WHAT IS REQUIRED →
Transcribe the listing in full, word for word; pictures do not belong in the copy.

DATASET CONTENT →

========

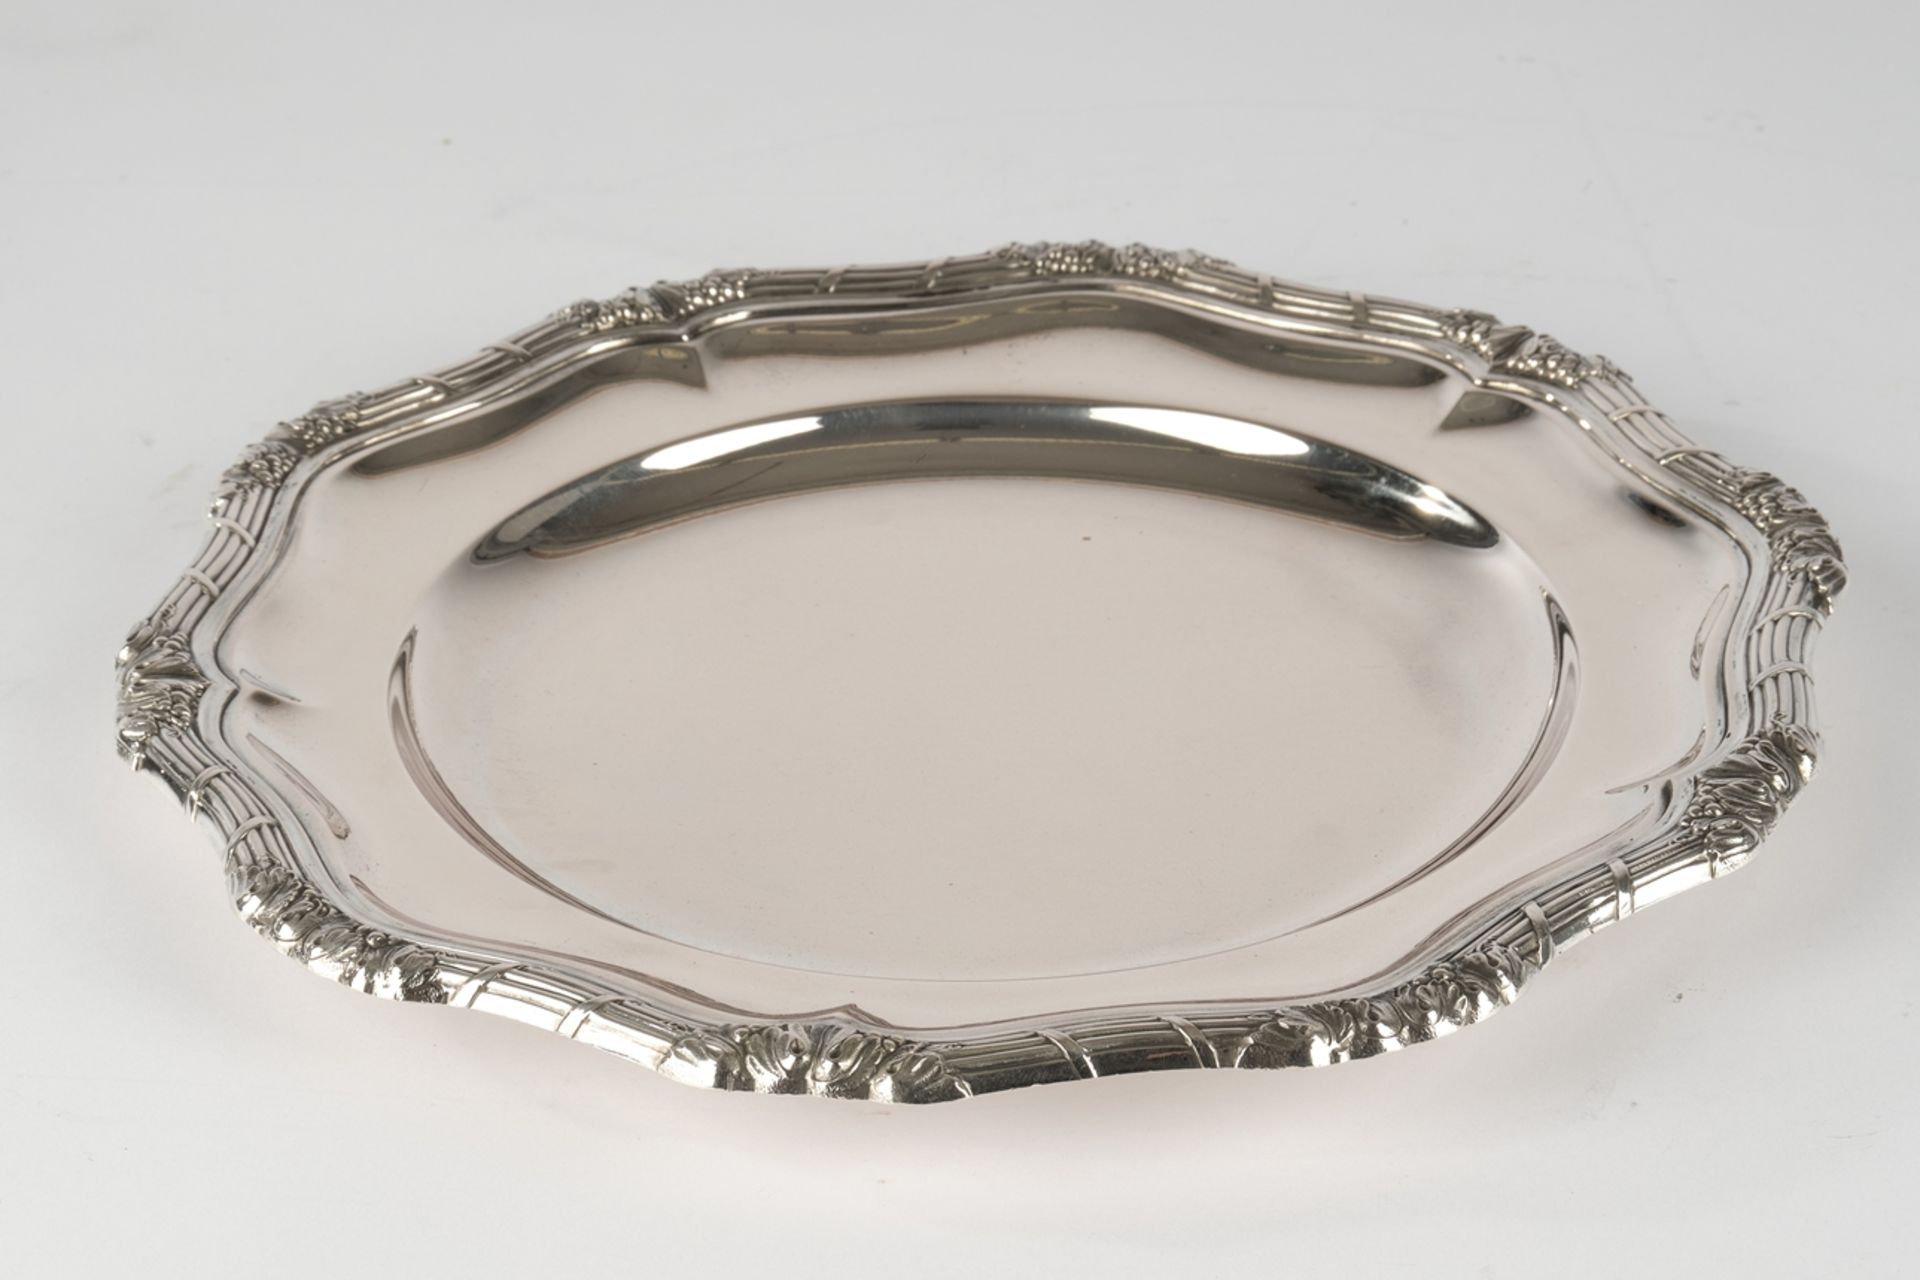 Anbietteller, Silber 800, Wilkens, profilierter Rand mit Blatt- und Bandzier, ø 27 cm, ca. 596 g
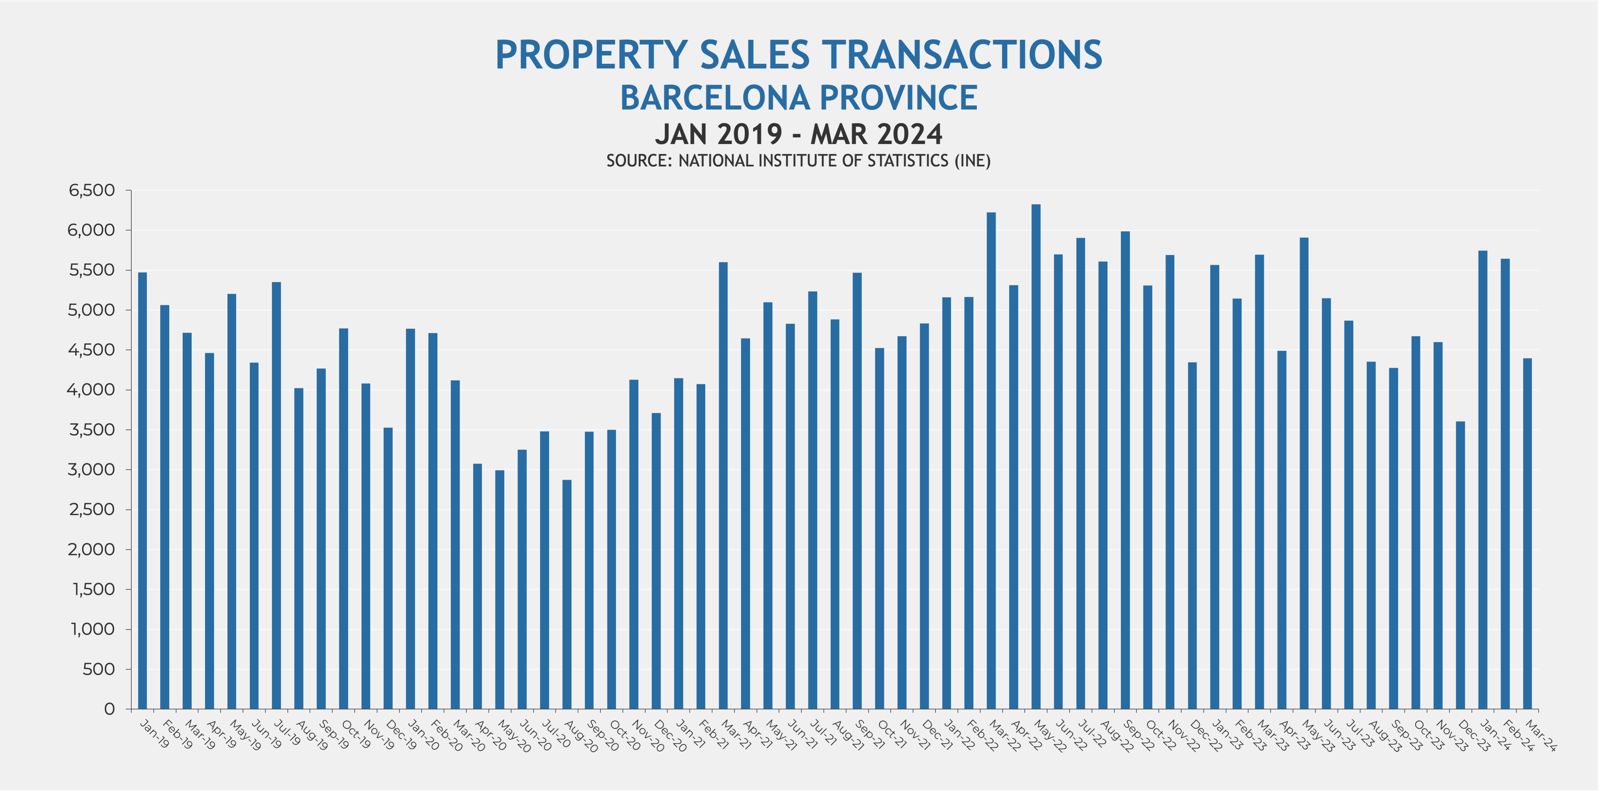 Operaciones de compraventa en Barcelona provincia, enero 2019 - marzo 2014 (Fuente: INE)
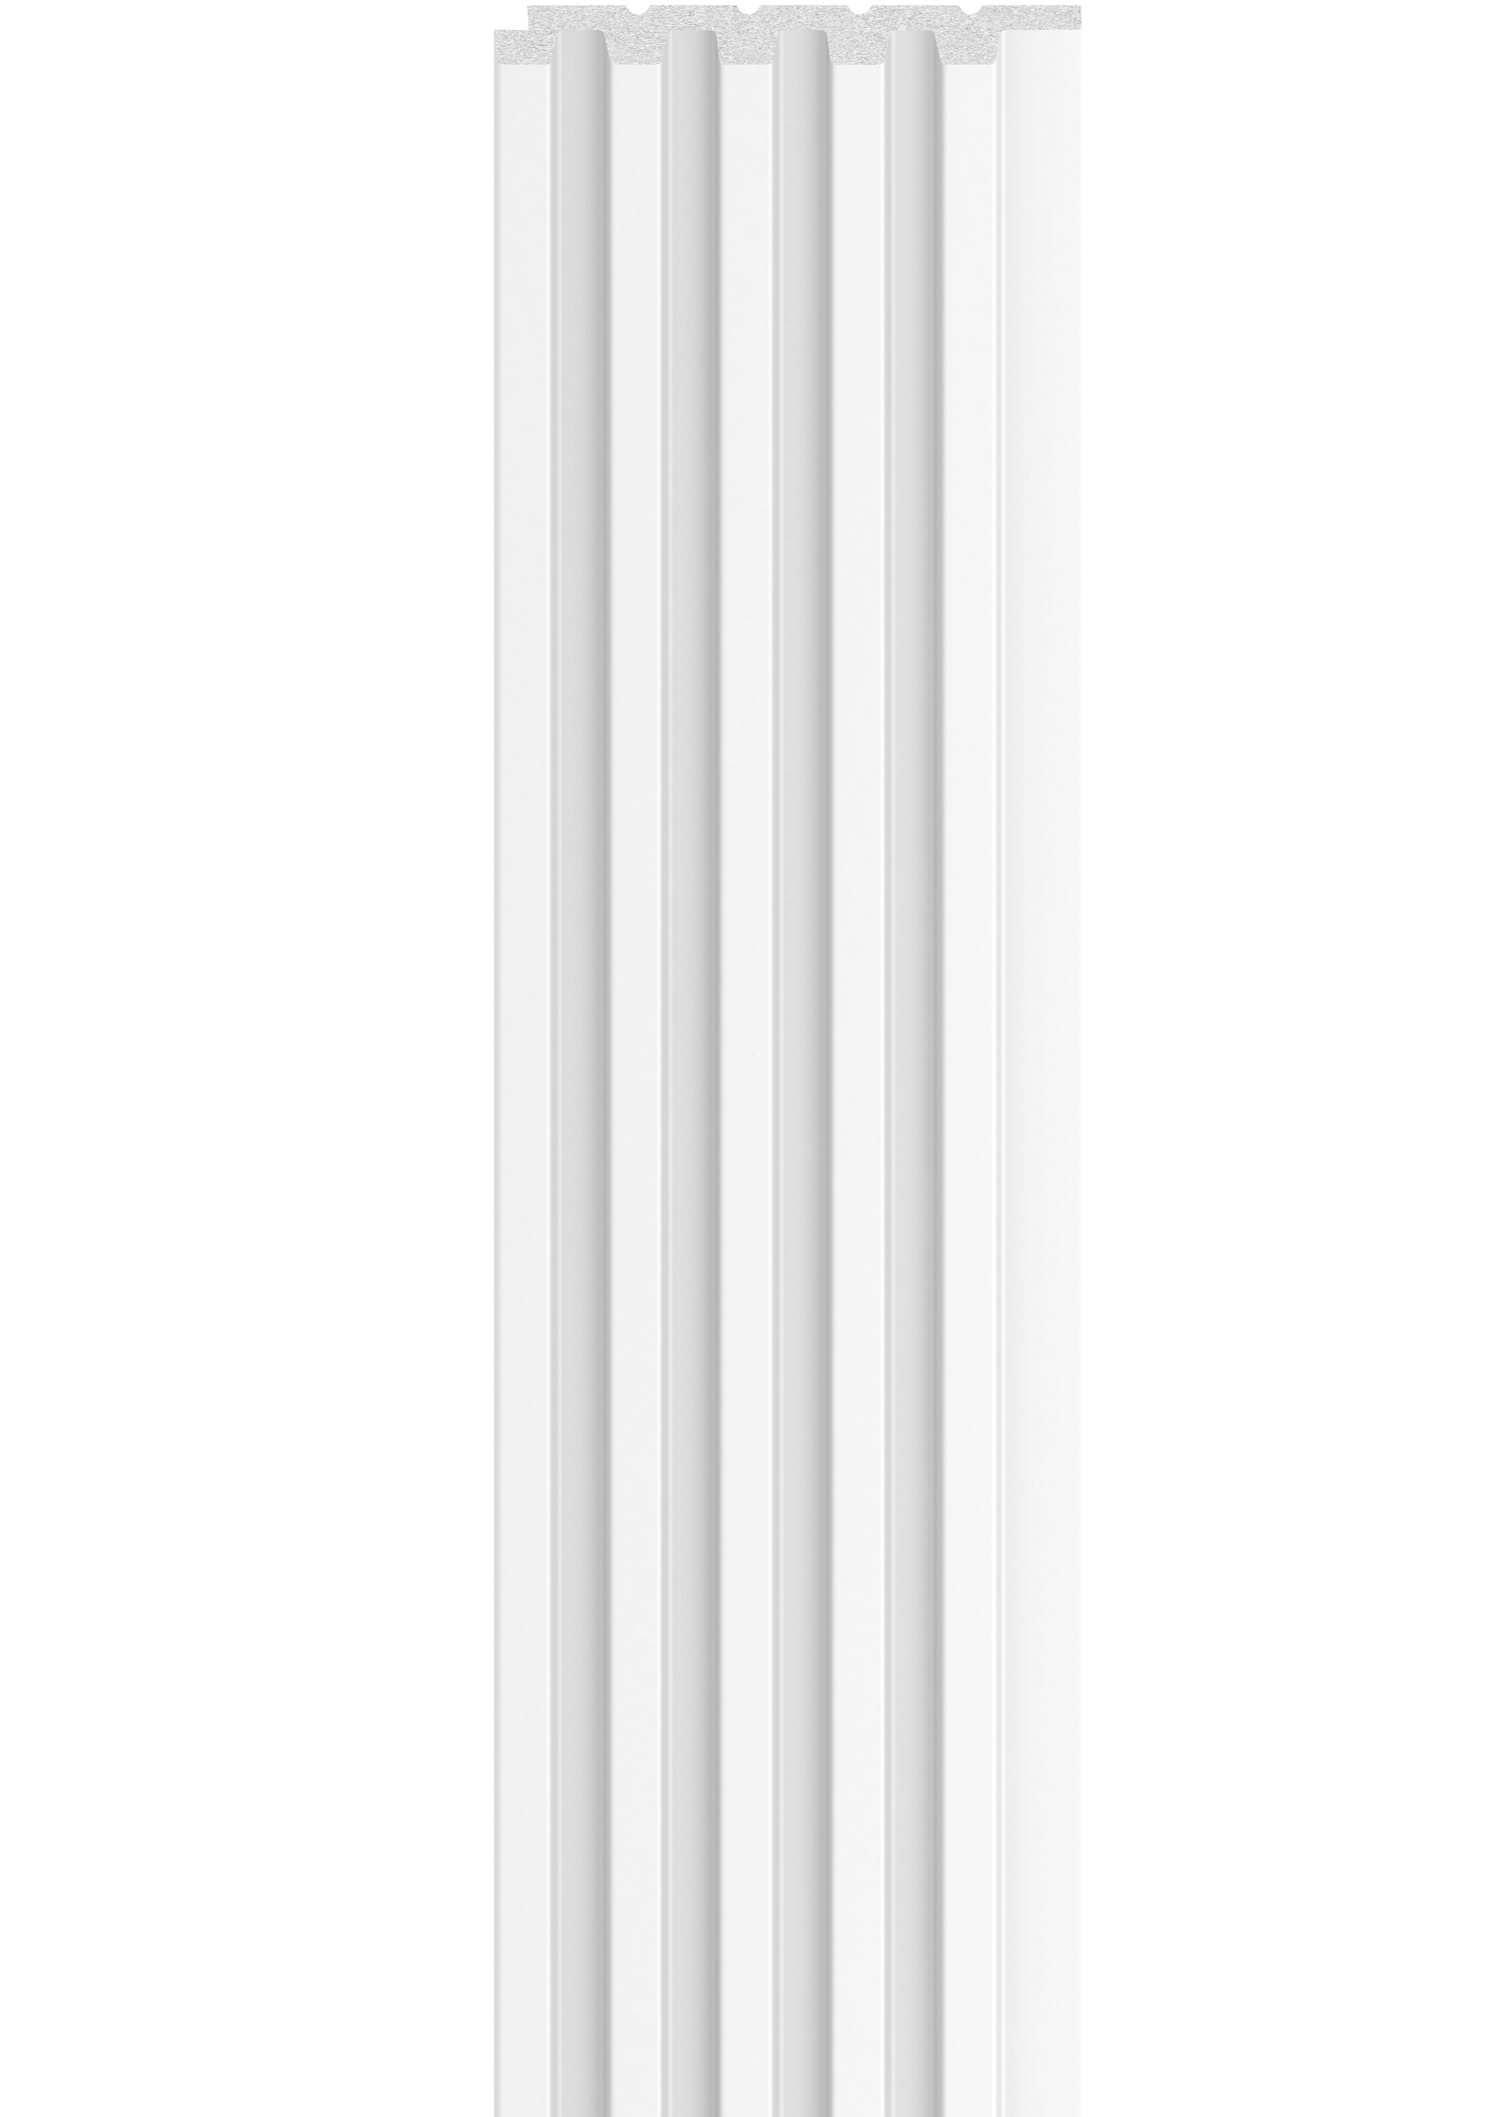 Panou riflaj LINERIO S-LINE WHITE 2650 x 122 x 12 mm
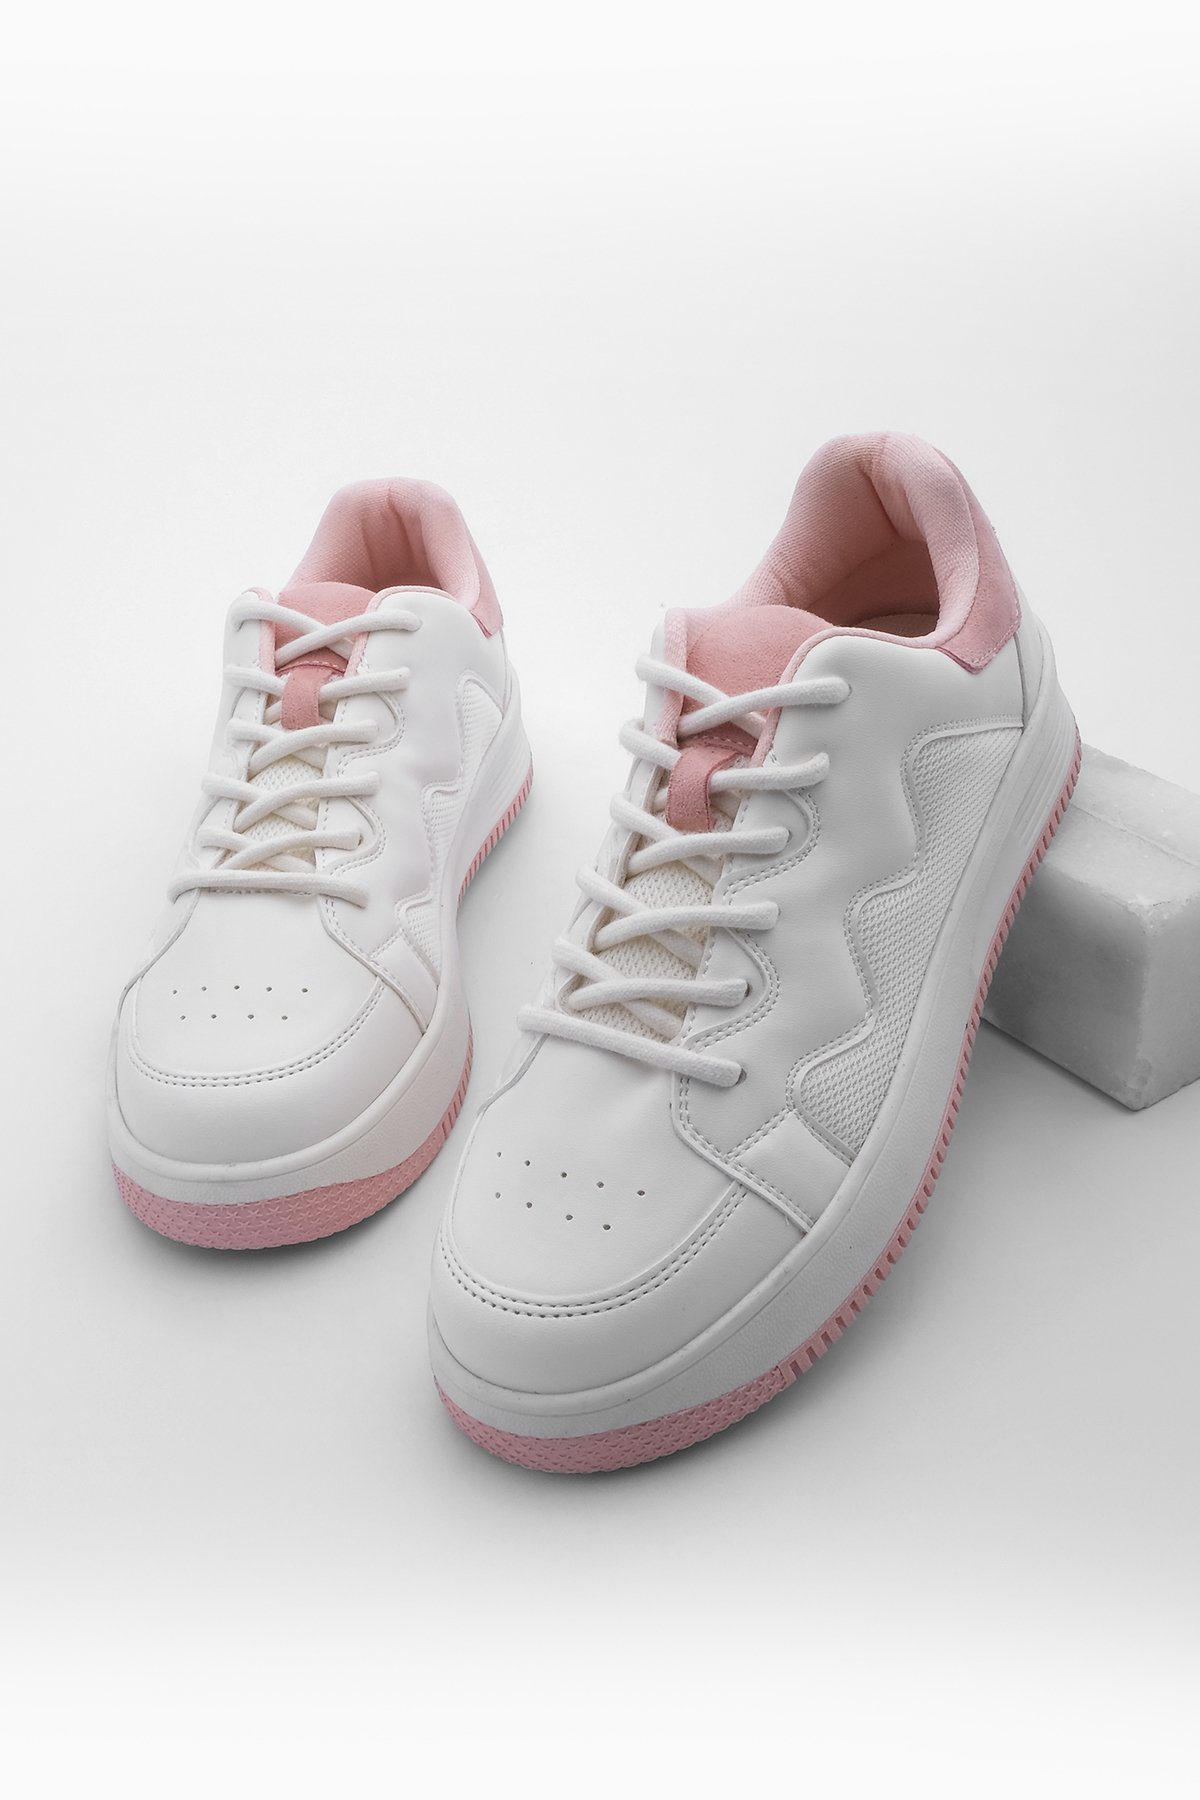 Levně Marjin Women's Sneaker Colored Sole Lace Up Sneakers Ekef Pink

========

WRITTEN RESPONSE →
 Anbietteller, Silber 800, Wilkens, profilierter Rand mit Blatt- und Bandzier, ø 27 cm, ca. 596 g
 Operaciones de compraventa en Barcelona provincia, enero 2019 - marzo 2014 (Fuente: INE)
 Panou riflaj LINERIO S-LINE WHITE 2650 x 122 x 12 mm
 Levně Marjin Women's Sneaker Colored Sole Lace Up Sneakers Ekef Pink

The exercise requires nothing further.